# mp3 player problem



## sixmedic (Jul 31, 2017)

I have a Eclipse v180sl 8GB mp3 player. I down loaded music onto the player and it shows that the music is on the player but when I try to use the player it says "empty disc" I connected player to my computer and tested the list and the music is there. Any thoughts on what is wrong or how to correct this problem. I use it out in my shop for music

thanks sixmedic


----------



## spunk.funk (May 13, 2010)

If the music is still available on your computer, Then go into the players *Tools* Menu and *Format *the player, or connect it to your computer, Press the *Windows *Key+*X* on the computer keyboard then select *Disk Management*. In the lower pane, Right click your MP3 player and choose to *Format *it.
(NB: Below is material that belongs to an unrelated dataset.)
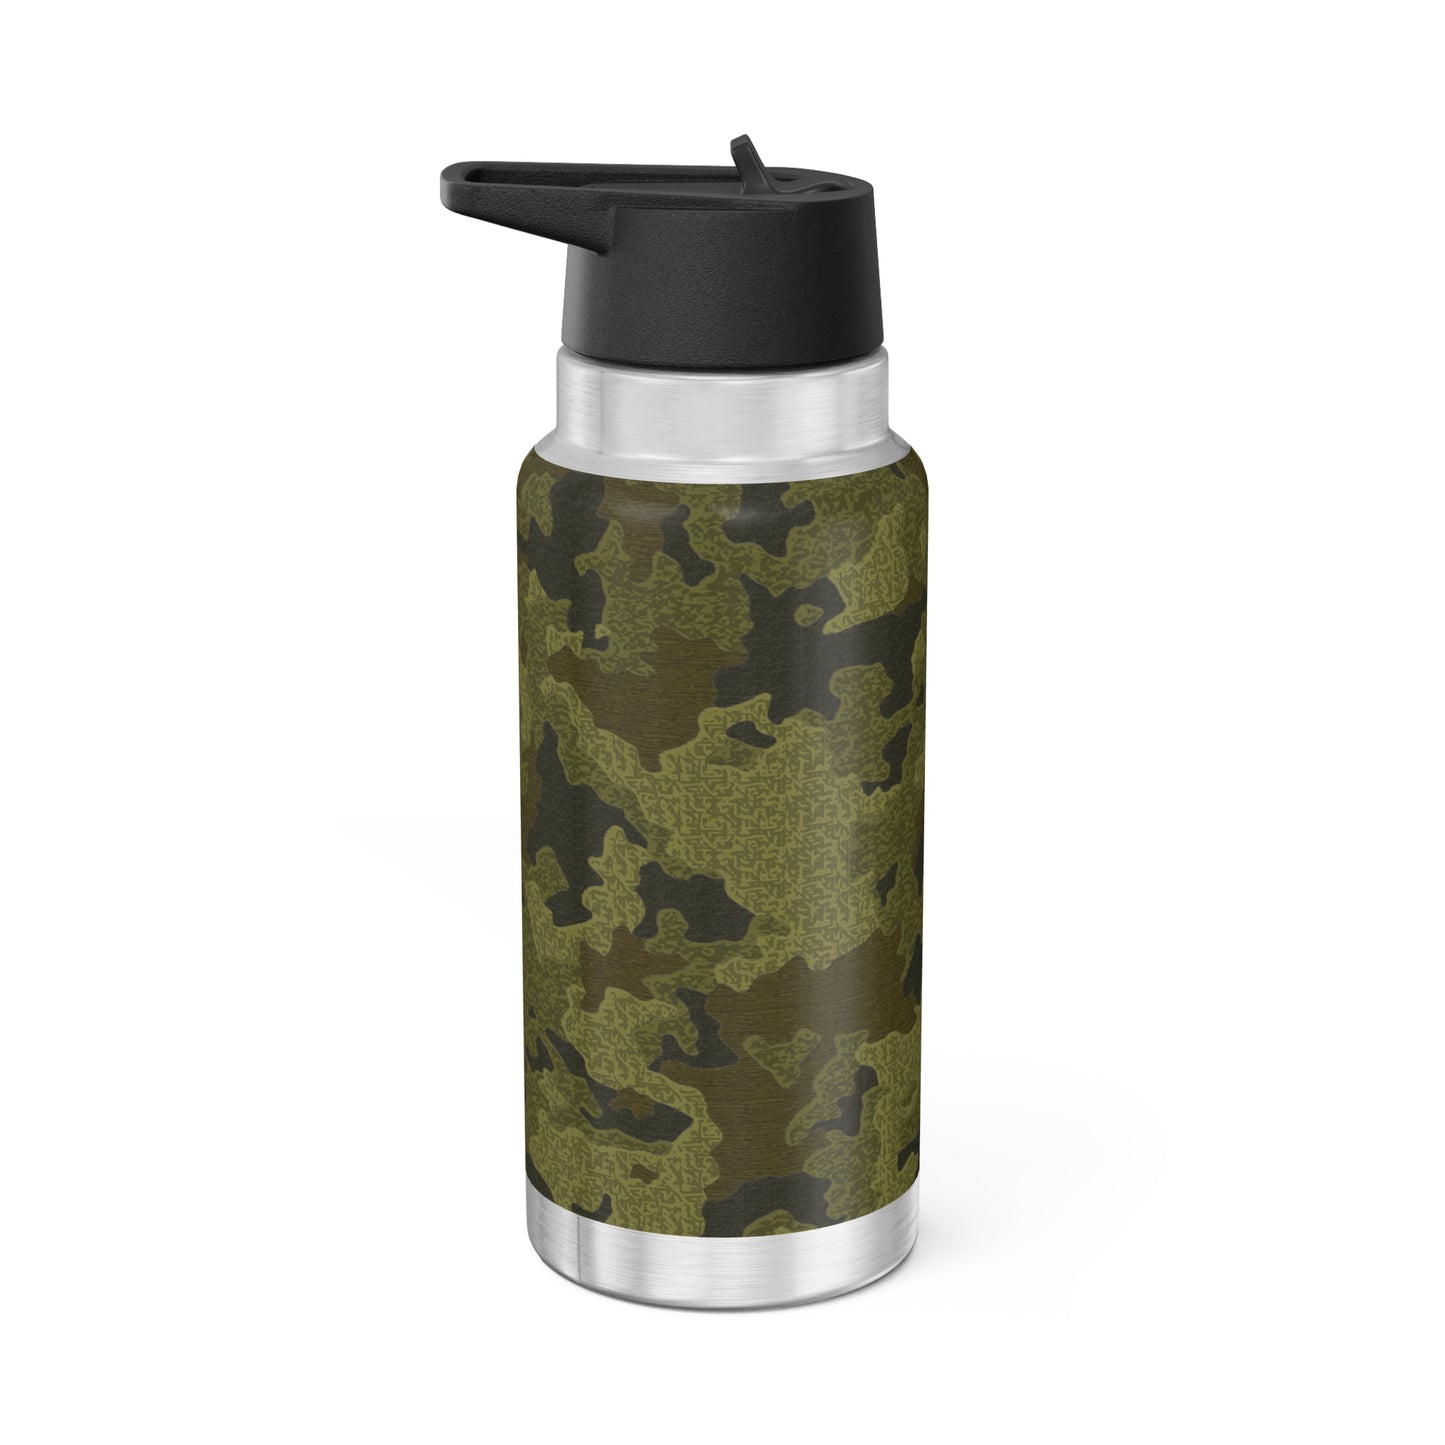 USARPAC, 5th Engineer Detachment, Geospatial Planning Cell Tiger Camo 32oz SteelGator
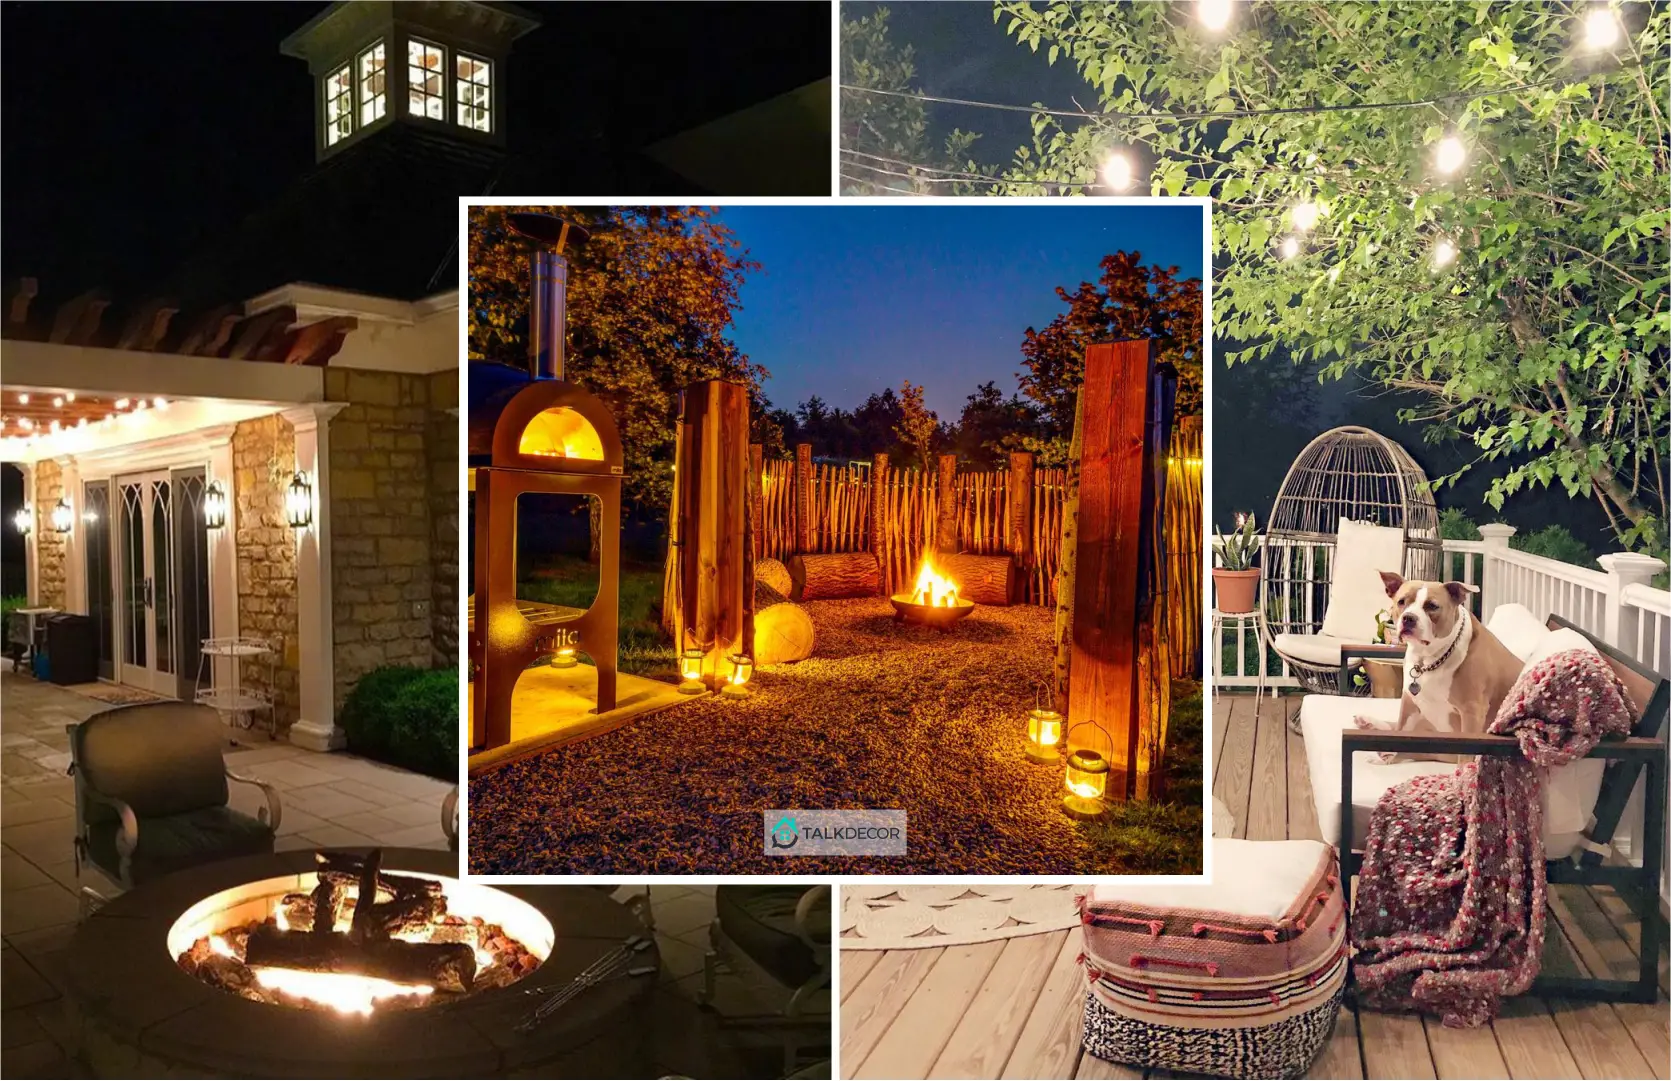 How to Install Proper Firepit for Your Outdoor Summer Night

Then add the music back onto the drive.


----------



## sixmedic (Jul 31, 2017)

Reformatted mp3 player able to download music to player but the player still says empty disk, have checked and the music is there just can't get it to play for some reason. Any help will be greatly appreciated or I am going to be forced to go buy another mp3 or similar device for my shop music. thank you


----------



## spunk.funk (May 13, 2010)

Contact their support: https://www.jlabaudio.com/pages/warranty


----------



## JimE (Apr 16, 2009)

Are the files in the correct format (likely only mp3 and wmv is supported)?

Also, in the OP, you stated that you tested "the list". A music list does not contain any files. It contains links to the files.


----------